══ Records for this task ══

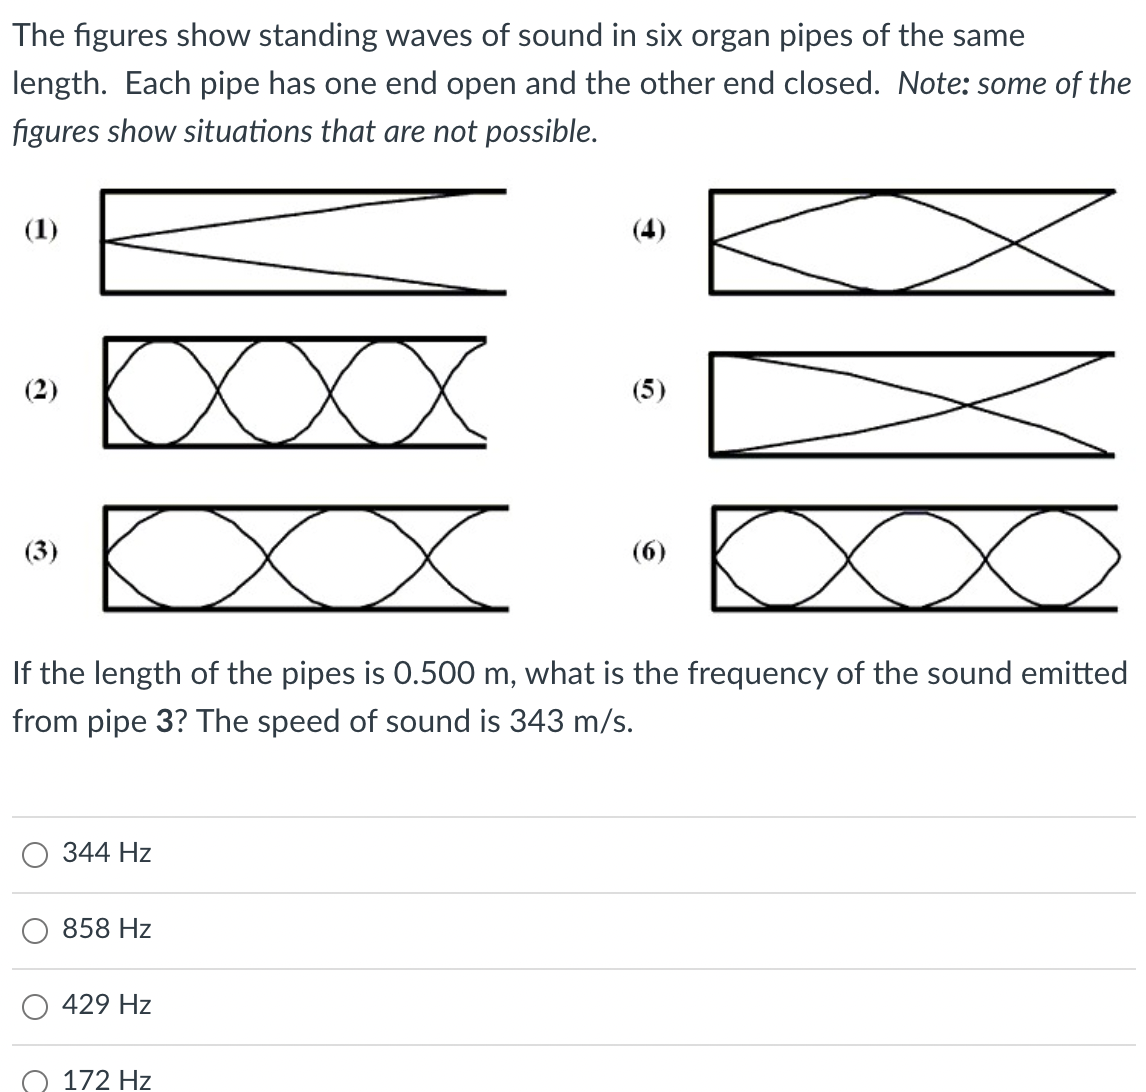 The figures show standing waves of sound in six organ pipes of the same
length. Each pipe has one end open and the other end closed. Note: some of the
figures show situations that are not possible.
(1)
(4)
XXX
(2)
(5)
(3)
(6)
If the length of the pipes is 0.500 m, what is the frequency of the sound emitted
from pipe 3? The speed of sound is 343 m/s.
344 Hz
858 Hz
429 Hz
172 Hz
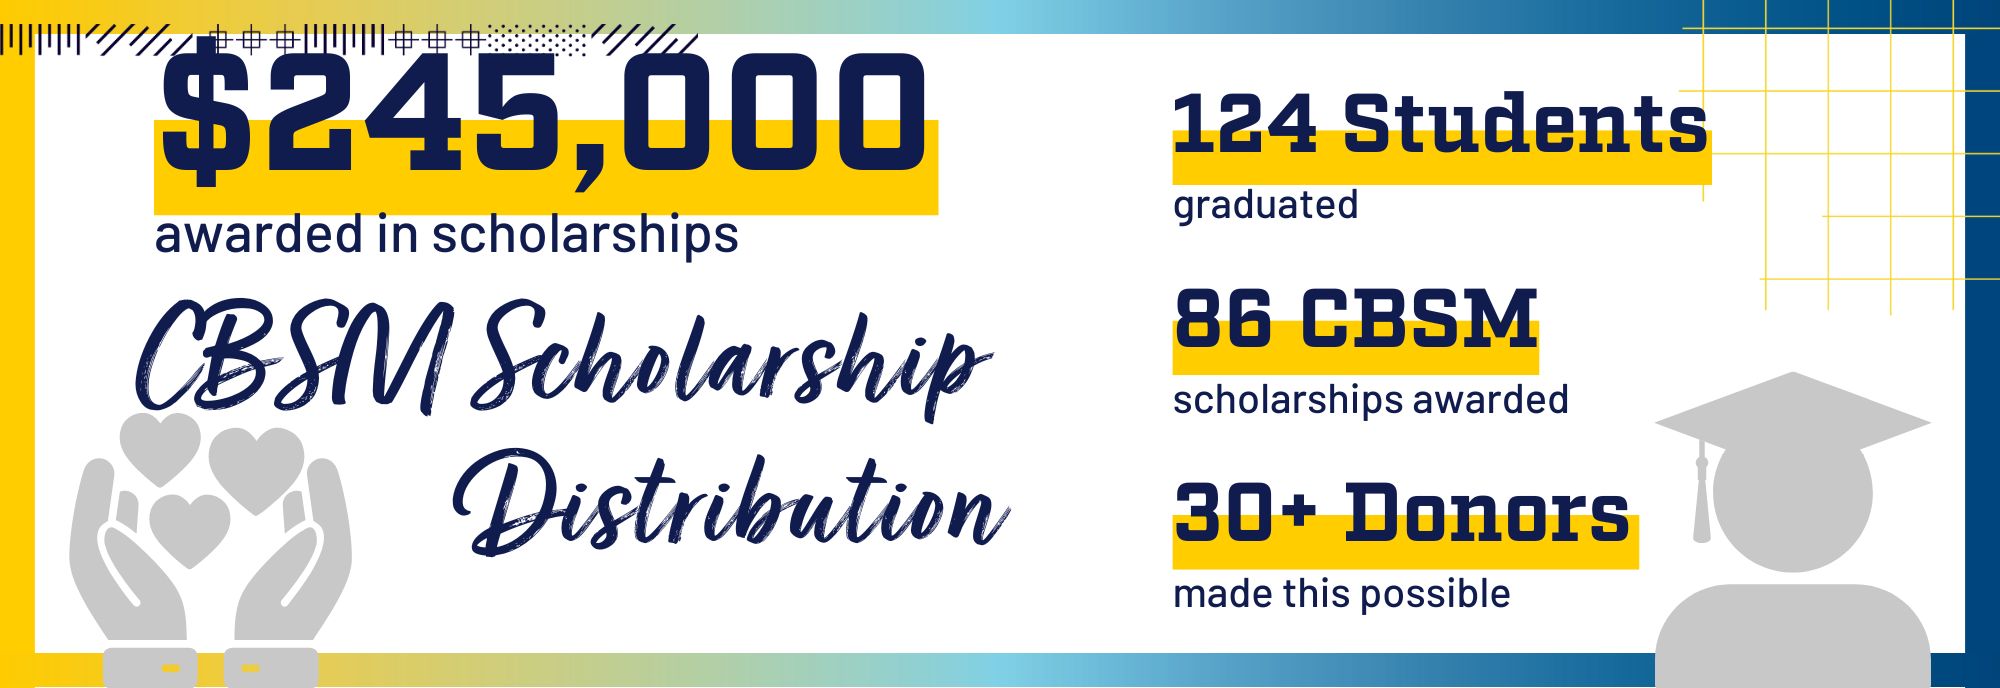 CBSM Scholarship Distribution: $265,000 awarded in scholarships, 124 students graduated, 86 CBSM scholarships awards, and over 30 donors made this possible. 
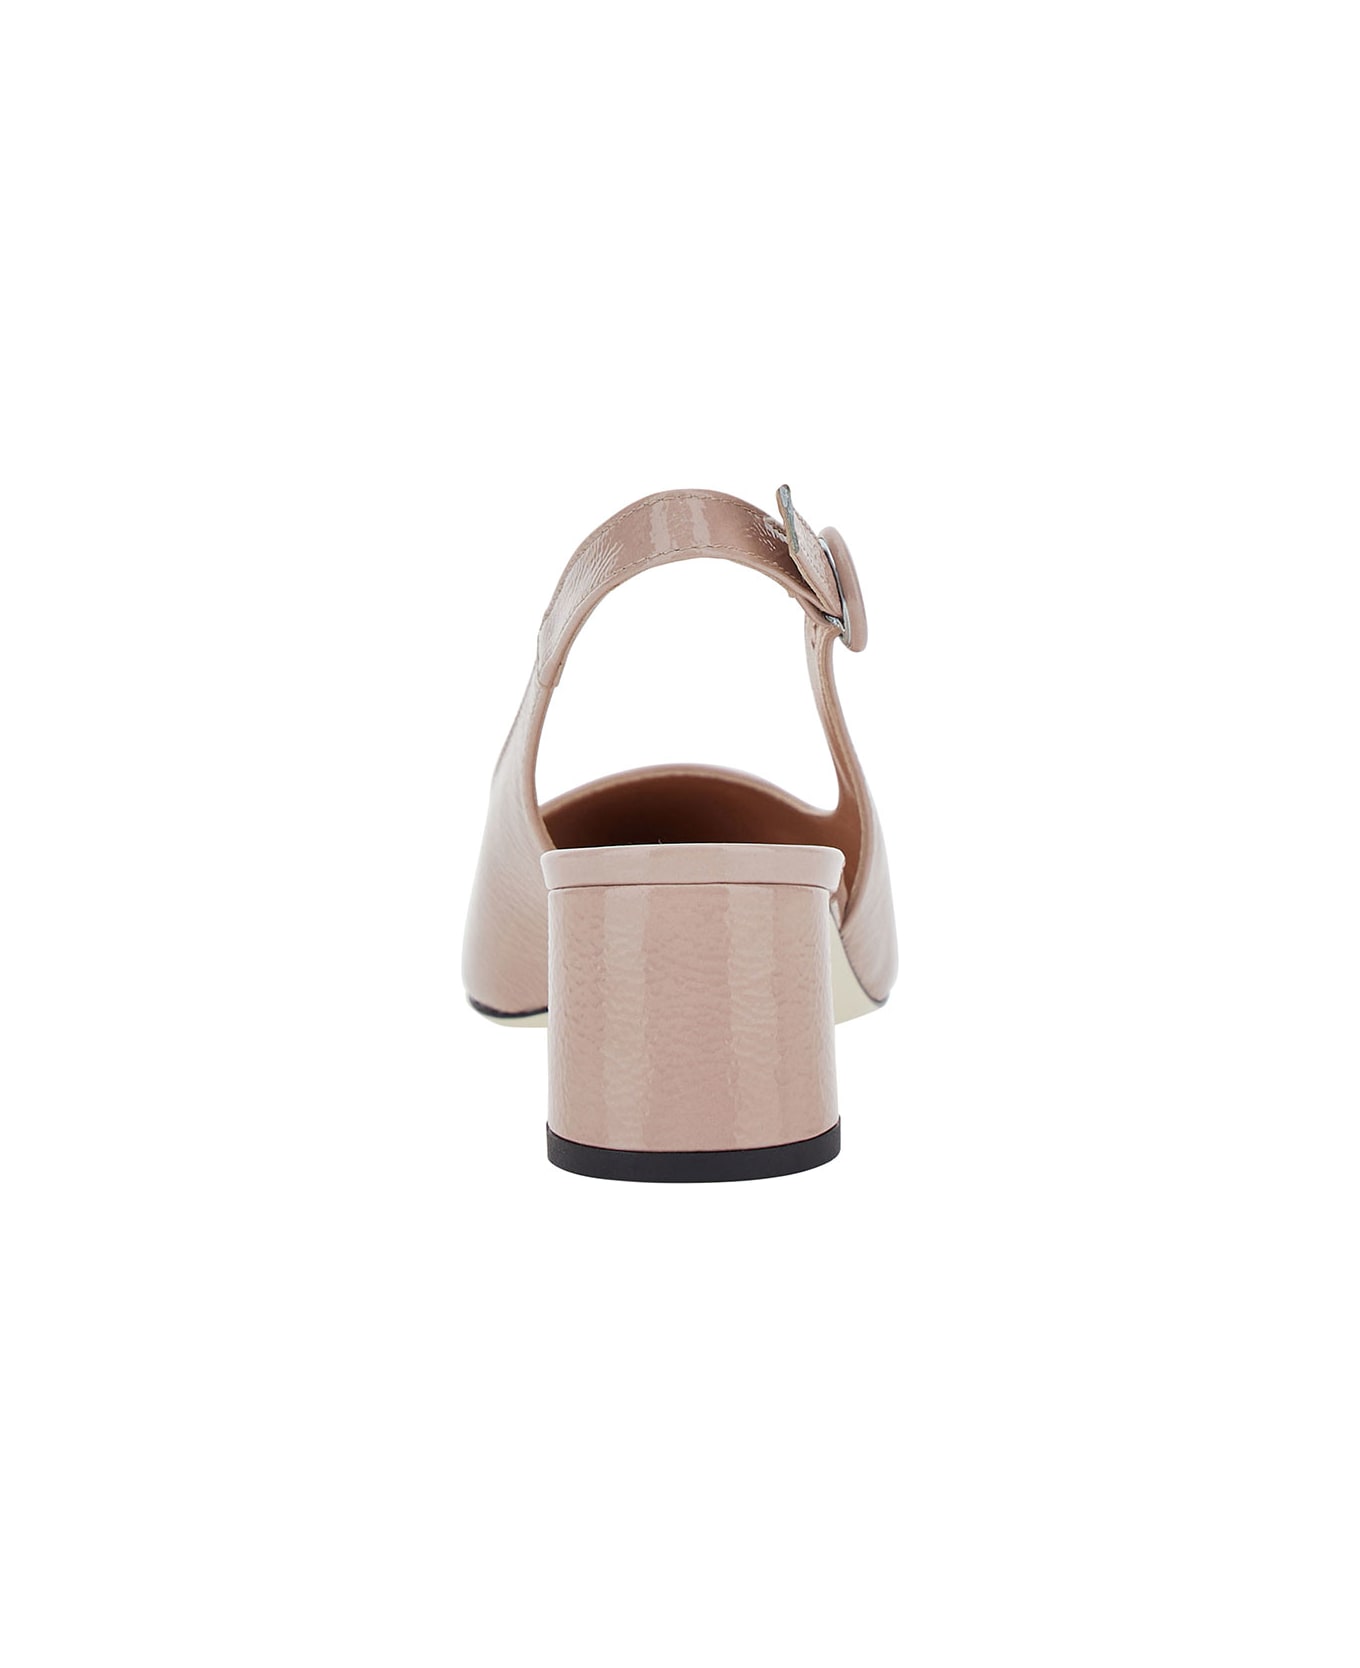 Pollini Pink Slingback Pumps With Block Heel In Leather Woman - Pink ハイヒール

═══

• [Requirement] The lines above should be transcribed exactly, with every image removed.

• [Task response]
 The figures show standing waves of sound in six organ pipes of the same
length. Each pipe has one end open and the other end closed. Note: some of the
figures show situations that are not possible.
(1)
(4)
XXX
(2)
(5)
(3)
(6)
If the length of the pipes is 0.500 m, what is the frequency of the sound emitted
from pipe 3? The speed of sound is 343 m/s.
344 Hz
858 Hz
429 Hz
172 Hz
 CBSM Scholarship Distribution: $265,000 awarded in scholarships, 124 students graduated, 86 CBSM scholarships awards, and over 30 donors made this possible. 
 Pollini Pink Slingback Pumps With Block Heel In Leather Woman - Pink ハイヒール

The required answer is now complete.